Q. Throughout the last decade, I have gone through so many changes in my life. Nine years ago, my wife passed away. A few years later our daughter got married, followed by my other daughter, followed by me getting remarried. Now I have a new wife, two son-in-laws, and five grandchildren. I heard as major changes in life happen, you should update your estate planning documents. I also read that the new tax law makes it important to review and make changes to my estate plan. Just so I know if it affects me, what impact does the new tax law have on estate planning? How can I ensure that my documents are properly reviewed and updated as needed, so that they will have the maximum effect at law given my life changes and the tax law changes?
A. Congrats on all of the positive changes that have occurred recently in your life. As you seem to be aware, changes to the law and significant events in your life could alter the way that you originally meant to apportion assets in your estate planning documents. As I often tell my clients, an estate plan is like a car: it needs regular maintenance to function as intended. The only way to ensure that your estate plan truly reflects your current wishes and needs is to have your documents reviewed and updated frequently.
Your estate plan (including your incapacity planning documents) should be updated for all of the life changes you described, including when your spouse dies or becomes incapacitated, you get remarried, your child married or divorces, you have a new grandchild, and more. (Click for an entire list.) In fact, your documents should be reviewed at least every 3 to 5 years even if there aren’t any of the above changes!
Also, when it comes to estate planning, external events can create the need for adjustments.
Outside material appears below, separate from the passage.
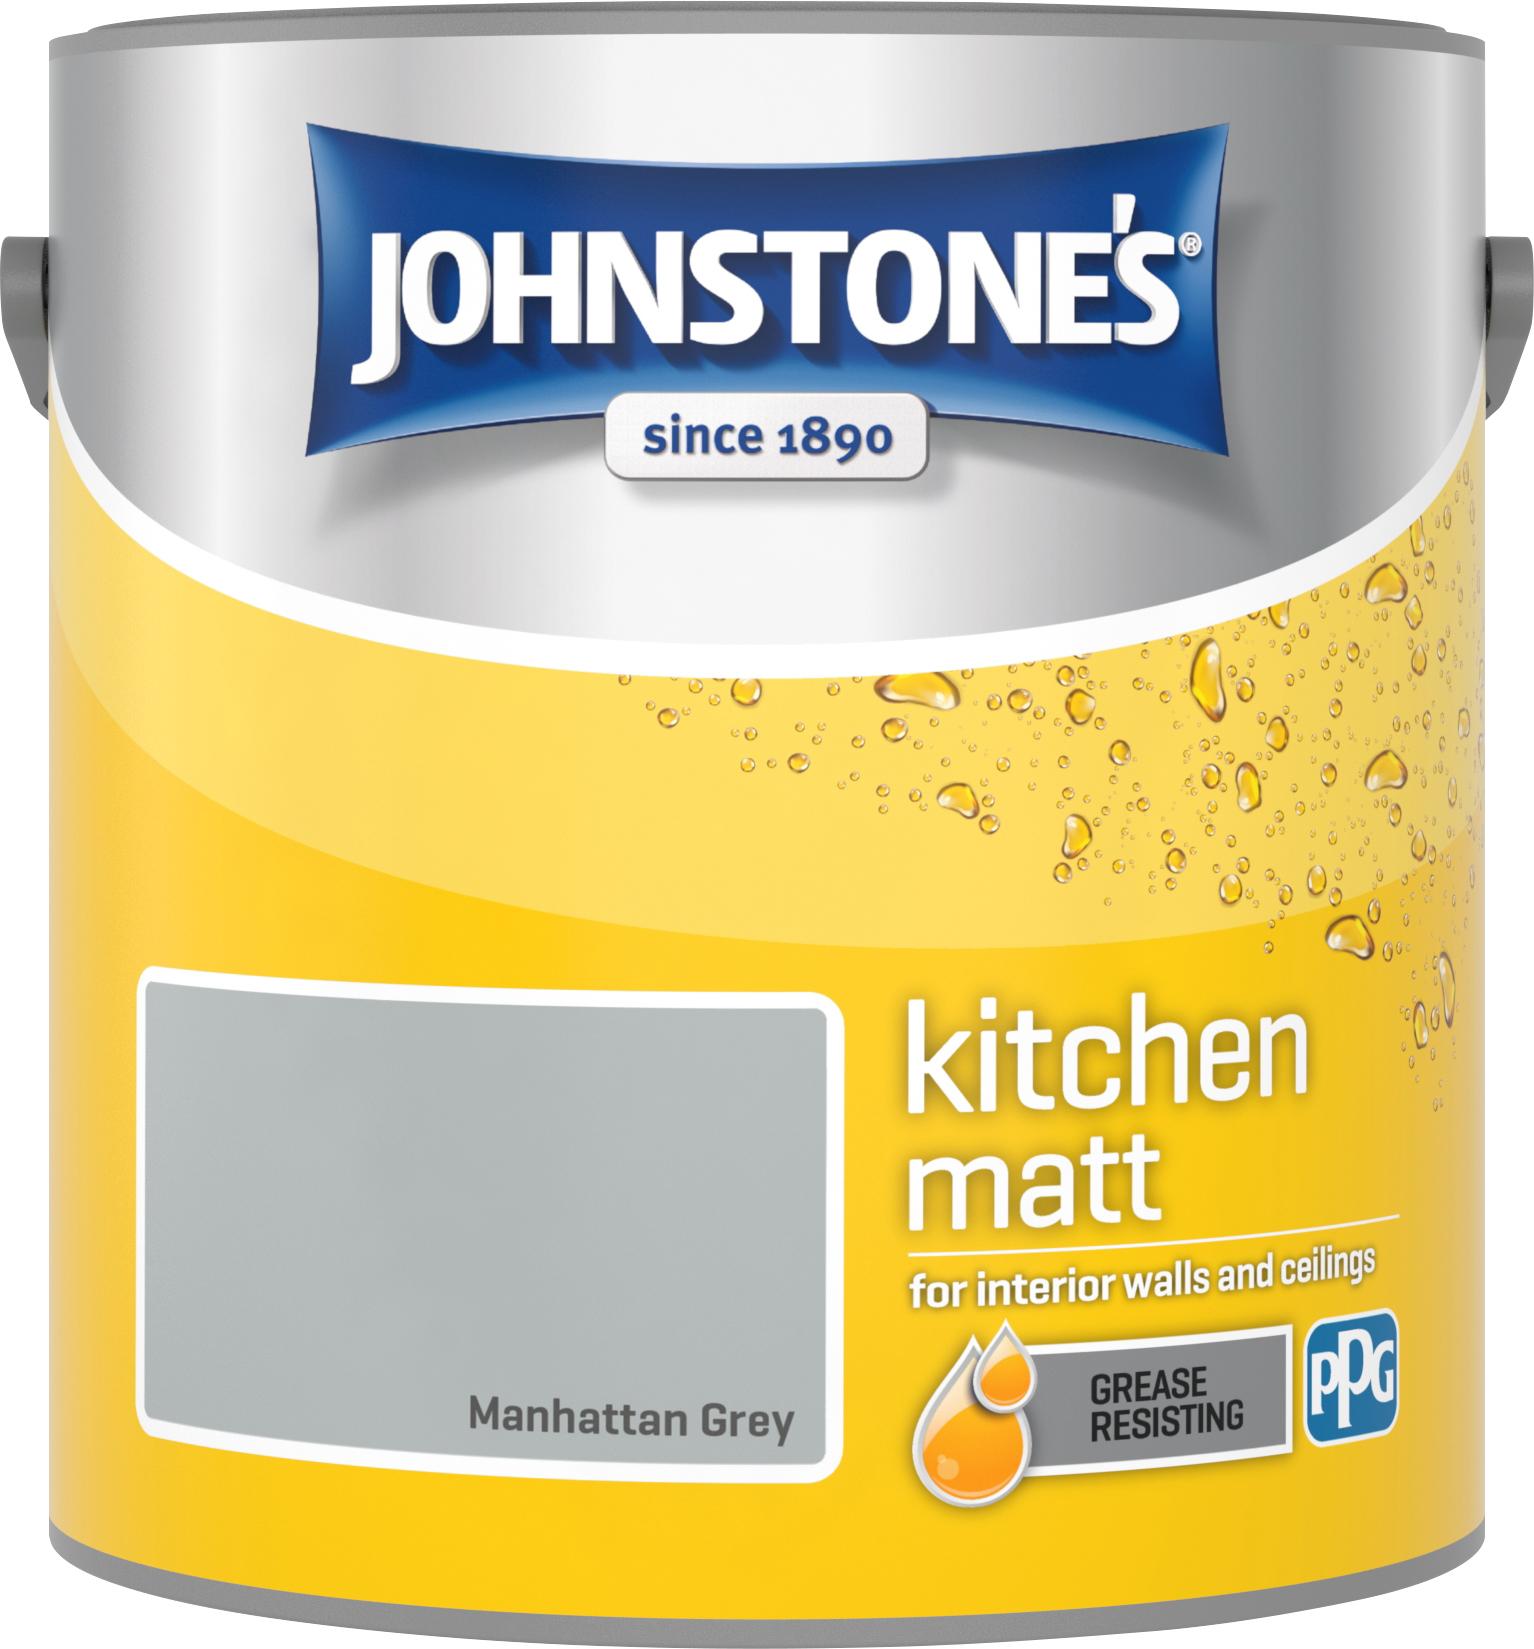 Johnstone's 2.5 Litre Kitchen Paint - Manhattan Grey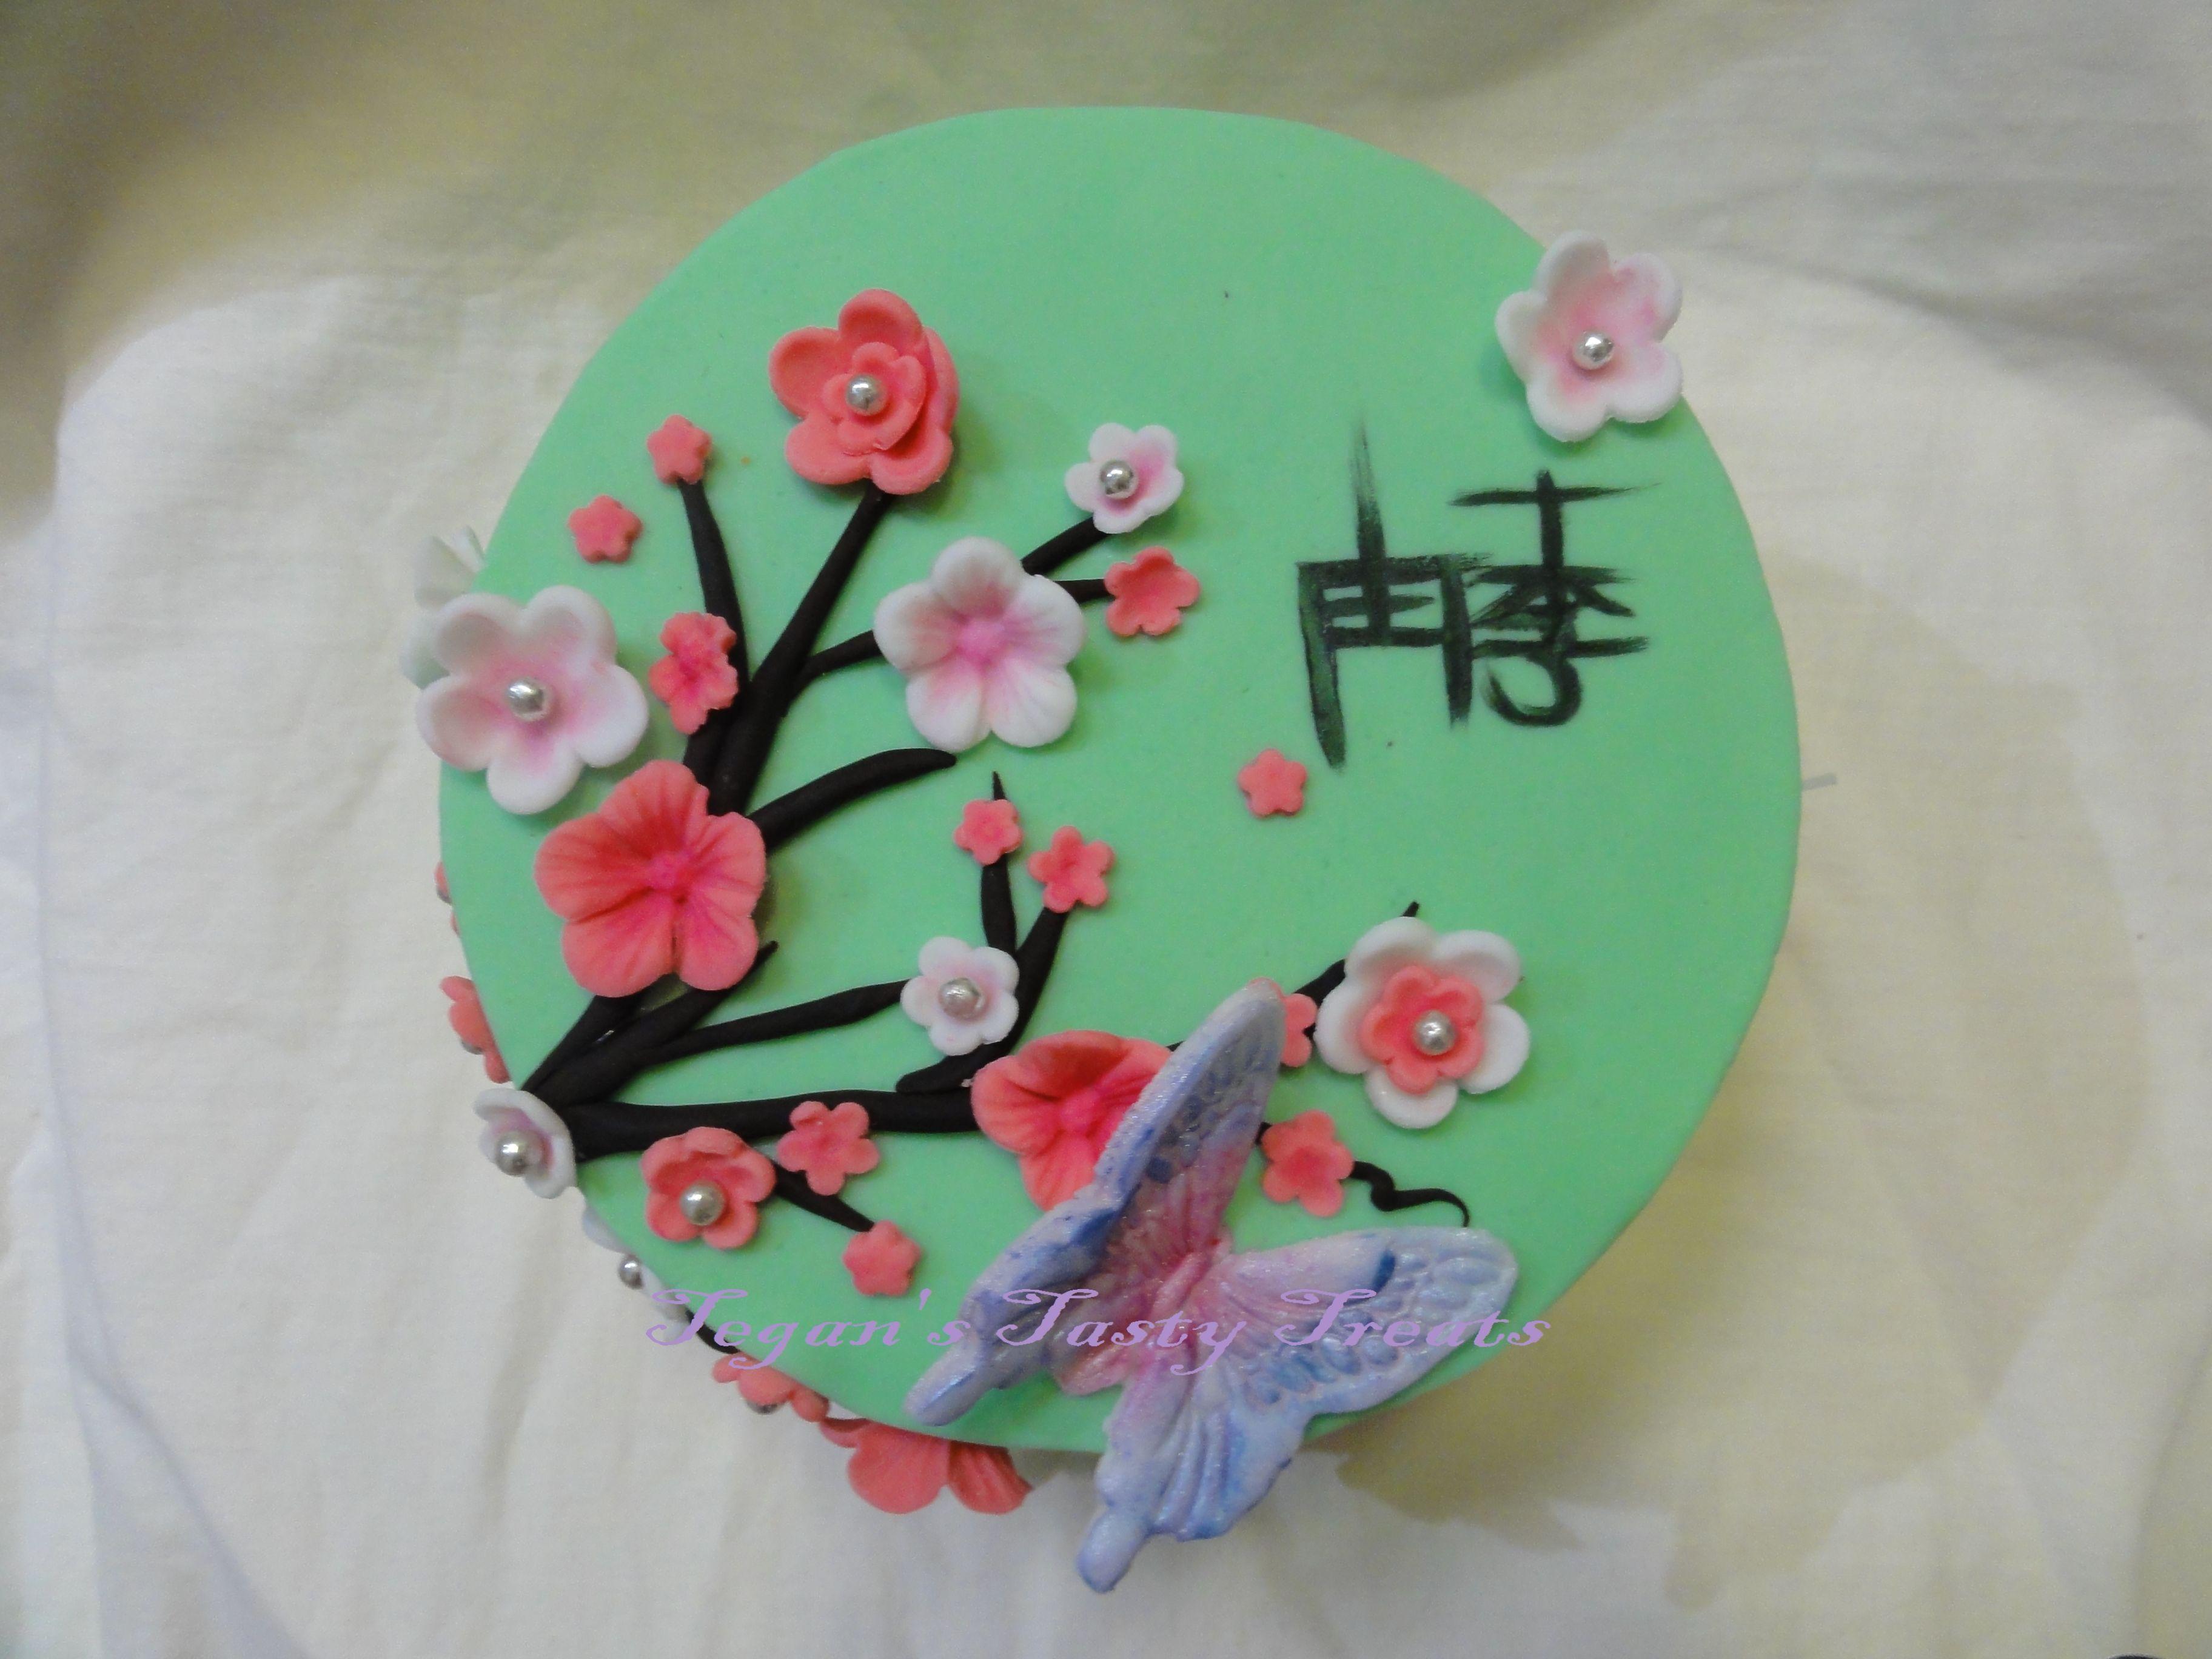 Top of the Japanese cherry blossom cake. Hand painted Kanji.

Among such events is legislation such as the Tax Cuts and Jobs Act (TCJA). TCJA reduces individual and corporate tax rates, eliminates a large number of deductions and credits, and enhances other tax breaks. With these changes, there are provisions in the new tax plan that may have an impact on estate planning strategies. Here are some of the most notable changes.
Wills and Trusts: In many cases, taxpayers have language in their wills and trusts directing the executor or trustee to fund a trust—often called a bypass or credit shelter trust—upon death to use any remaining estate exemption before distributing estate assets to others named in the documents. With the increased estate tax exemption, the potential size of the bypass or credit shelter trust could unintentionally disinherit other intended beneficiaries of the estate.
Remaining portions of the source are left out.